After finding the median marks for the non-calculator written paper (Paper 1) of the male and female populations, I can quite honestly articulate that so far my prediction of ‘the male population will have higher marks on the non-calculator written paper (Paper 1) and the calculator written paper (Paper 2) than the female population’ is true and accurate because the median marks for the non-calculator written paper (Paper 1) of the male population was ‘35’ marks, whereas the female population was only ‘29’ marks.

Next, I am going to find the median marks on the calculator written paper (Paper 2) for both the male and female populations by doing a similar process as above.

Starting with the calculator written paper (Paper 2) for the male population.

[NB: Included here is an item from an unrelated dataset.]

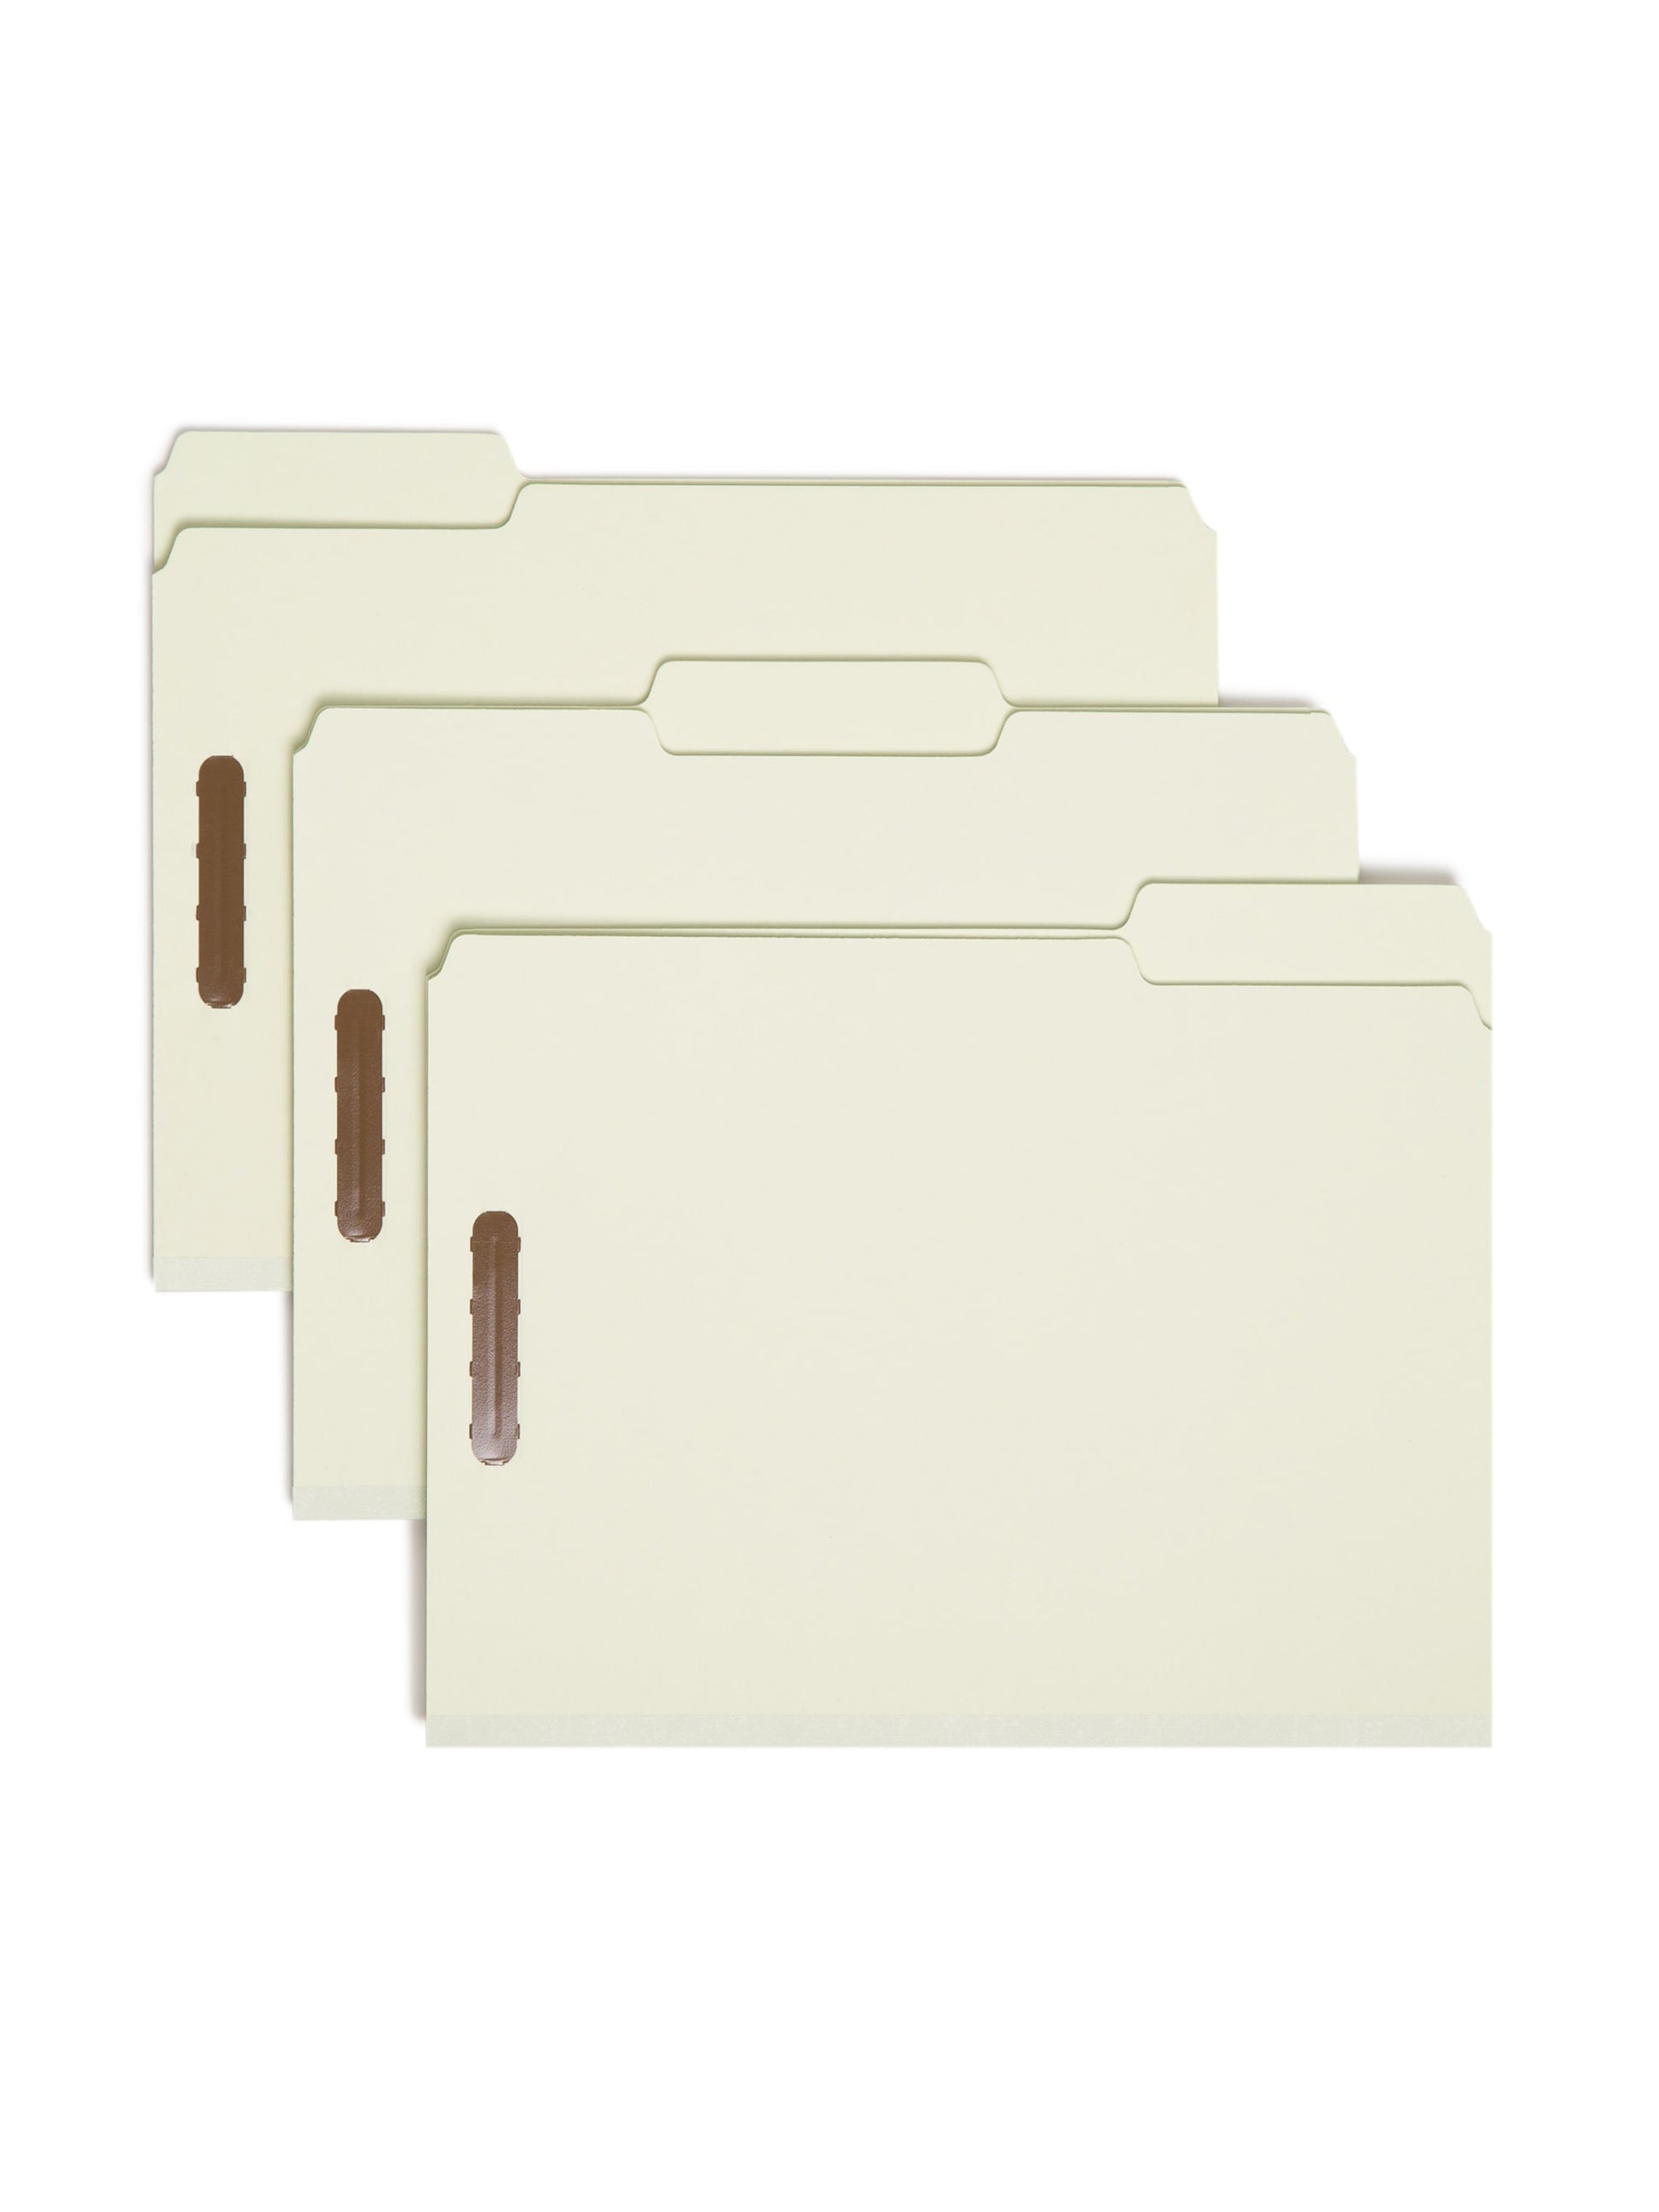 Pressboard Fastener File Folders, 3 inch Expansion, Gray/Green Color, Letter Size, Set of 25, 086486150057

0.5 (29 + 1) = 15 th value

Then you start with the highest mark, which for the male population on the calculator written paper (Paper 2) was ‘46’ marks and count along, next being ‘45’ and then ‘45’ and so on until you reach the 15 th value. The 15 th value in my case is ‘30’ marks, so therefore, the median mark for the male population on the calculator written paper (Paper 2) is 30 marks.

Next, the calculator written paper (Paper 2) for the female population.

0.5 (35 + 1) = 18 th value

Then you start with the highest mark, which for the female population on the calculator written paper (Paper 2) was ‘51’ marks and count along, next being ‘47’ and then ‘42’ and so on until you reach the 18 th value. The 18 th value in my case is ‘26’ marks, so therefore, the median mark for the female population on the calculator written paper (Paper 2) is 26 marks.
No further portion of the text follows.